Recently, the coffee market has undergone significant changes [3]. With the increasing demand for high-quality coffee, cold brew has become more popular. Market analysis reveals that, in 2017, the cold brew coffee market was worth $321 million and is estimated to rise by $1.37 billion by 2023 [1]. Normal cold brew coffee is generally obtained by extracting water at room temperature or lower, over an extended period of 8 to 24 hours [4]. The sensory attributes of cold brew coffee include medium bitterness and acidity with intense sweetness, chocolaty, fruity, and floral notes [5], whereas titratable acidity (TA) and total antioxidant capacity (TAC) are low. Cold drip coffees are another type of cold extraction method known for their higher levels of bitterness, caffeine, and chlorogenic compounds [5]. New technology, the vacuum cycle method, has recently been applied to cold brew coffee, which speeds up the extraction process. The yield and sensory profile of the final beverage can be influenced by adjusting the number of cycles and the pressure used in the vacuum pressure cycle method. Previous research has shown that low-pressure conditions are optimal for extracting phenols and that 2 and 7 vacuum cycles produce the most flavorful extracts. In the sample of 16 cycles, caffeine and TA were both significantly higher, while acidity as measured by sensory analysis was higher only in 2 cycles [6, 7]. Howerver, normal cold brew coffee by soaking is more convenient and widely used than the decompression cycle extraction method because it does not necessitate any specialized equipment.

Despite the growing coffee market and increased cold coffee drink consumption, only a few studies have been addressed.
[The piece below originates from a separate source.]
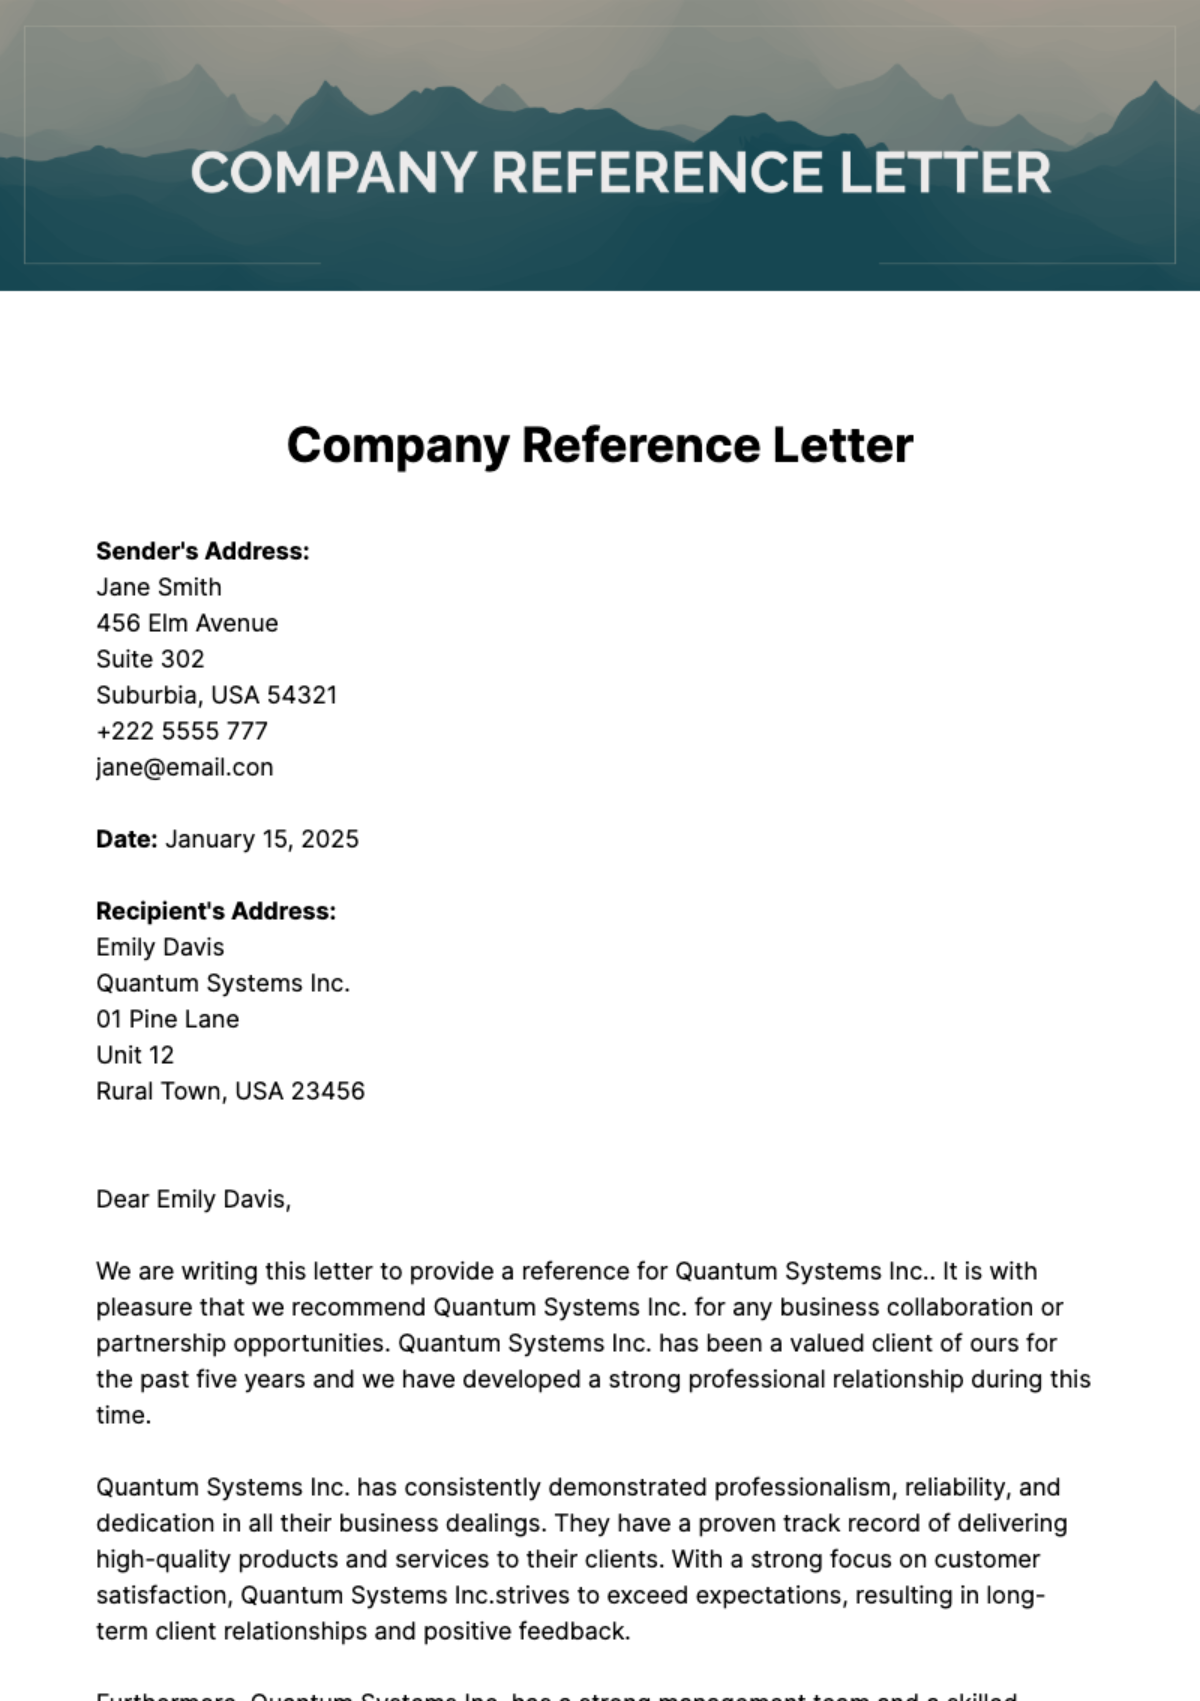 Free Company Reference Letter Template

Previous studies have shown that extraction conditions, such as particle size, powder/water ratio, and water temperature, affected the physicochemical and sensory properties of coffee drinks. Some studies suggest that the degree of grinding has no significant effect on caffeine and chlorogenic acid (CGA) in cold coffee brews; however, finely ground coffee has higher total dissolved solids (TDS), extraction yield (EY), total phenol compound (TPC), volatile components, and TAC contents [8–11]. It was also revealed that higher powder-to-water ratios were more bitter in sensory properties [12]. Several investigations proved that coffee extraction temperature and time had little effect on its physicochemical properties, such as in cold brew coffee, higher temperature not only raised the extraction components like caffeine, CGA, and melanoidins but also improved acidity and antioxidant activity [5, 10, 13, 14].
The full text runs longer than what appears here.